For an atomic scalar x?

Does that hold for sequential consistency or just weaker memory orders?

(Note: For weaker memory orders that still do something; for relaxed, there is no real question here. EDIT AGAIN: No actually there is a serious question in that special case. See my own answer. Not even relaxed is cleared for removal.)

EDIT:

The question is not about code generation for a particular access: if I wanted to see two lock add generated on Intel for the first example, I would have made x volatile.

The question is whether these C/C++ instructions have any impact what so ever: can the compiler just filter and remove these nul operations (that are not relaxed order operations), as a sort of source to source transformation? (or abstract tree to abstract tree transformation, perhaps in the compiler "front end")

EDIT 2:

Summary of the hypotheses:

not all operations are relaxed
nothing is volatile
atomic objects are really potentially accessible by multiple functions and threads (no automatic atomic whose address isn't shared)

Optional hypothesis:

If you want, you may assume that the address of the atomic so not taken, that all accesses are by name, and that all accesses have a property:

That no access of that variable, anywhere, has a relaxed load/store element: all load operations should have acquire and all stores should have release (so all RMW should be at least acq_rel).
Or, that for those accesses that are relaxed, the access code doesn't read the value for a purpose other than changing it: a relaxed RMW does not conserve the value further (and does not test the value to decide what to do next).

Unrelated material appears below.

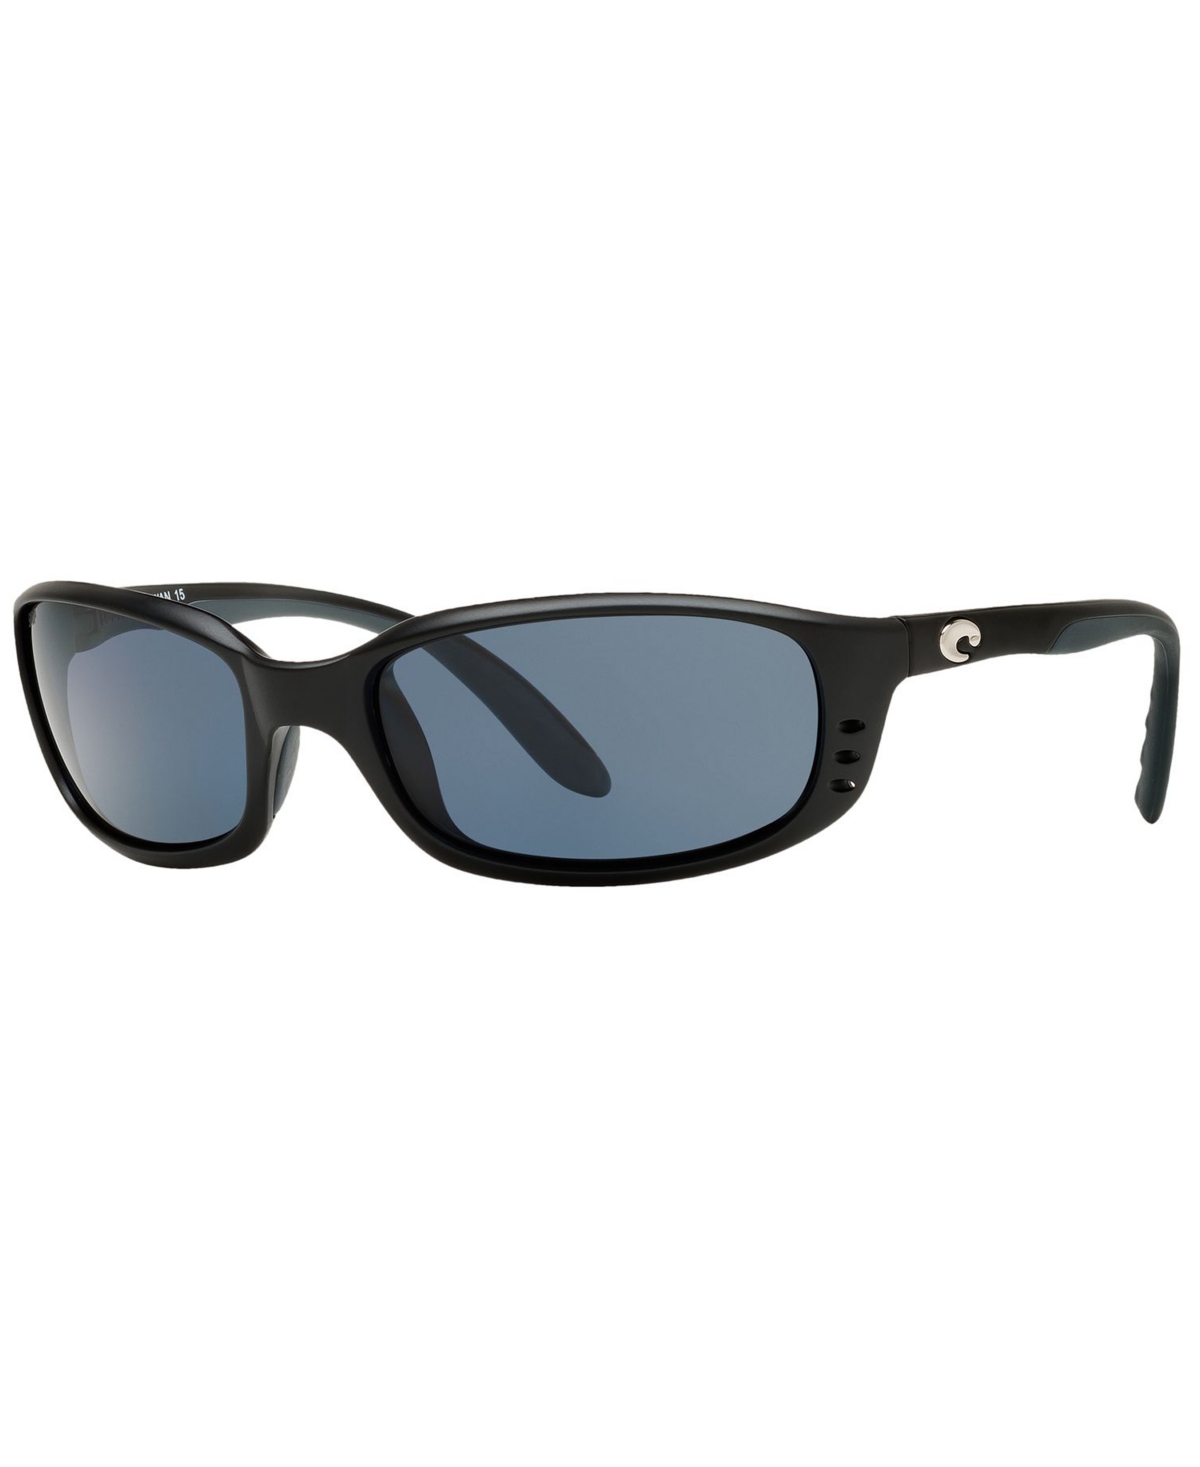 Polarized Sunglasses, Brinep - Matte Black/ P Grey

In other words, no data or control dependency on the value of the atomic object unless the load has an acquire.
Or that all accesses of the atomic are sequentially consistent.

That is I'm especially curious about these (I believe quite common) use cases.

Note: an access is not considered "completely relaxed" even if it's done with a relaxed memory order, when the code makes sure observers have the same memory visibility, so this is considered valid for (1) and (2):

atomic_thread_fence(std::memory_order_release);
x.store(1,std::memory_order_relaxed);

as the memory visibility is at least as good as with just x.store(1,std::memory_order_release);

This is considered valid for (1) and (2):

int v = x.load(std::memory_order_relaxed);
atomic_thread_fence(std::memory_order_acquire);

for the same reason.

This is stupidly, trivially valid for (2) (i is just an int)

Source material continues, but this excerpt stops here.